并蒂(第1页)
因为答应了她,这几日,霍治都会回府用膳,雷打不动,就算是有军务脱不开身,也会遣人回来说一声。
而且,自从上次的红豆糕起了成效,他像是摸到了门道一样,隔三岔五地会给元宥音带点东西,可能是零嘴吃食,也可能是钗环珠翠,见到什么就买什么。
他的眼光实在差,买来的首饰一向都入不了她的眼,时常是些过时的样式,这让元宥音感到无奈,打算找点时间好好教教他。
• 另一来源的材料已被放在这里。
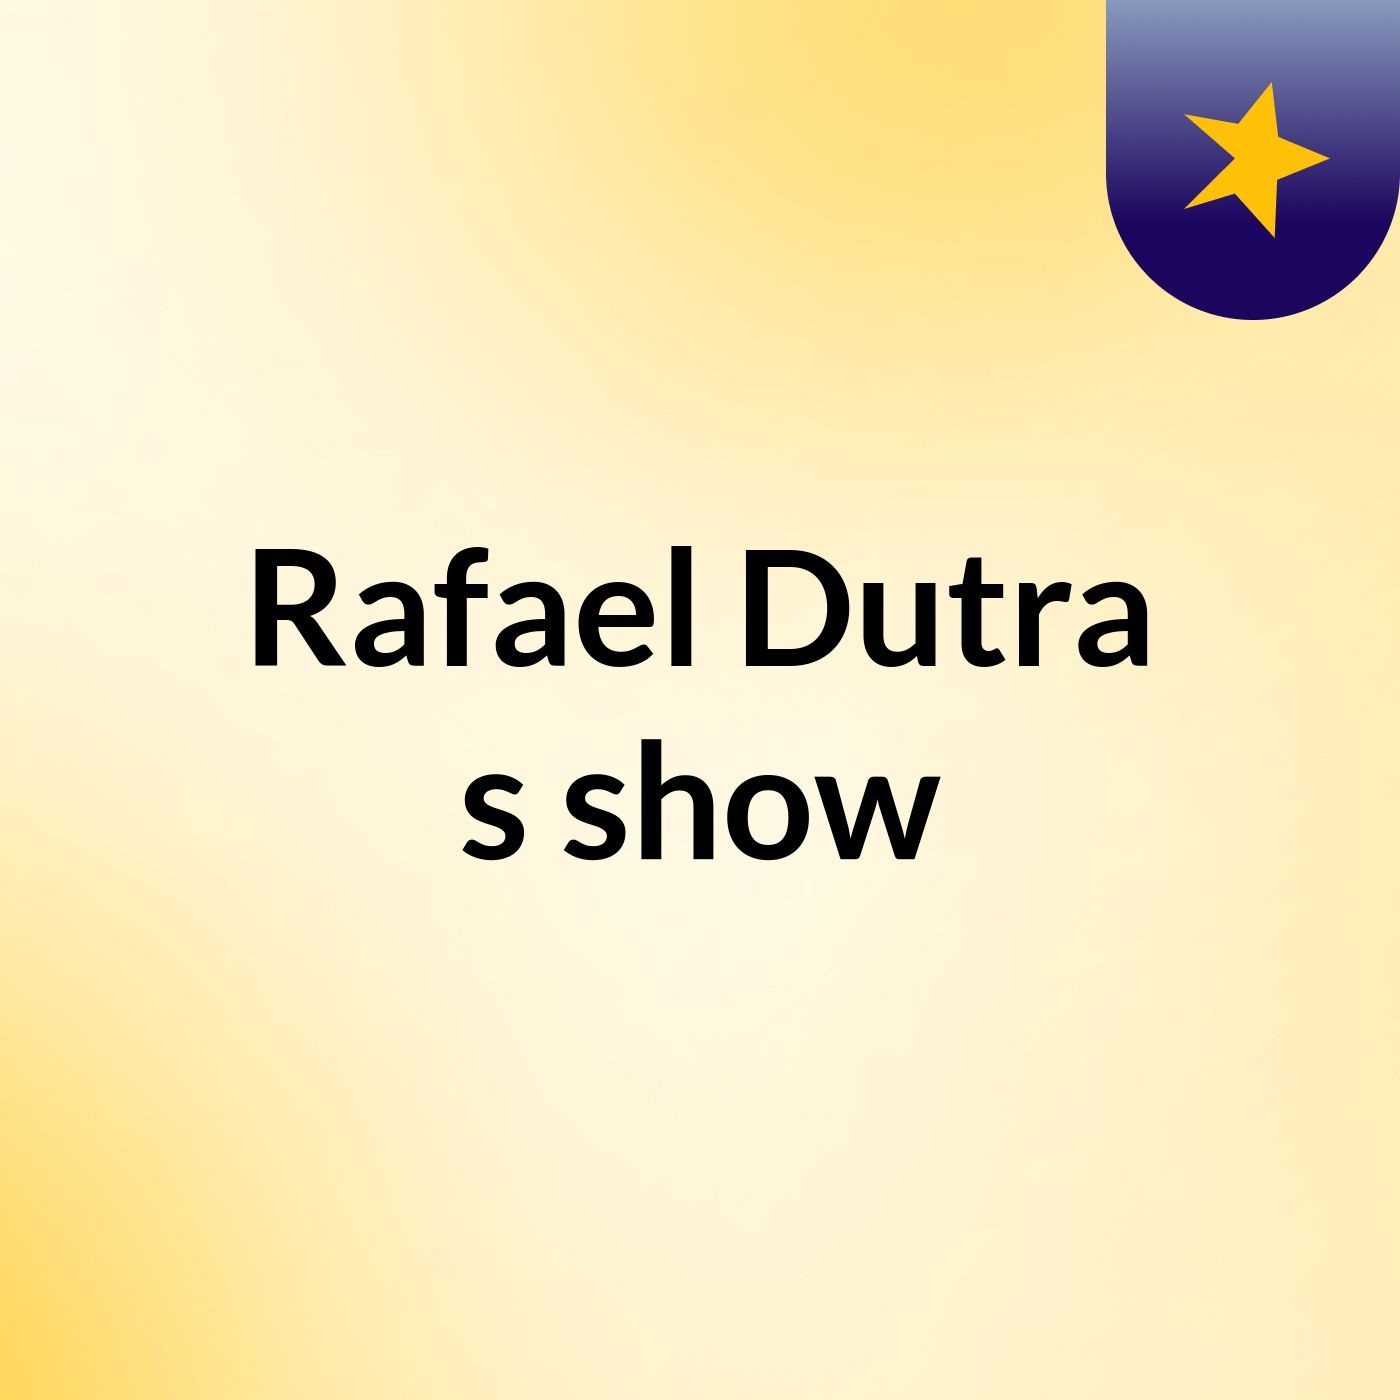 Rafael Dutra's show

“夫人今天想戴哪样?”云岫给她盘好发,一时拿不准主意,便想听听元宥音自己的意思。
元宥音扫过妆匣里的各式钗环,很快就看中一样,纤手拾起,递给她:“这个吧。”
霍治买来的那些都被她单独放了一层。
云岫接过那支并蒂莲样式的银钗,了然于胸地笑笑,这不就是将军新买来的吗?
她手巧,饶是这支银钗并不时兴,仍能通过各样珠翠的搭配后,让这朵并蒂莲开出更瑰丽的色彩。
元宥音左右打量过铜镜里的发髻,眼神中流露出满意来。
她要回趟太师府,狸奴的事情还没有着落,她那不靠谱的爹到现在都没将糯米送来,她还真怕他说到做到,把它给放归了。
马车一早就备好了,云岫陪着她一道,太师府和将军府隔得不远,同在青石巷,不出片刻,两人的身影便出现在太师府门前。
守门的下人远远望见将军府的车马,猜到是她回来,手脚麻利地就去唤来了府里的管事,一同前来的还有元宥音的奶娘曲嬷嬷。
太师夫人早亡,嬷嬷看着她长大,元宥音一直把她当亲娘看待,有段时间没回,主仆二人倍感激动。
元宥音主意大,在外经商,却是头一次离家这么久,一见到她,曲嬷嬷便热了眼眶:“小姐,回来得不巧啊,老爷这会儿在宫中议事,不在府上。”
嬷嬷讲究,满头银丝梳得齐整,偏偏一双眼里水光盈盈,看得元宥音心里不好受,忙拍了拍她手,安抚:“我可不是来见他的,我来看看嬷嬷。”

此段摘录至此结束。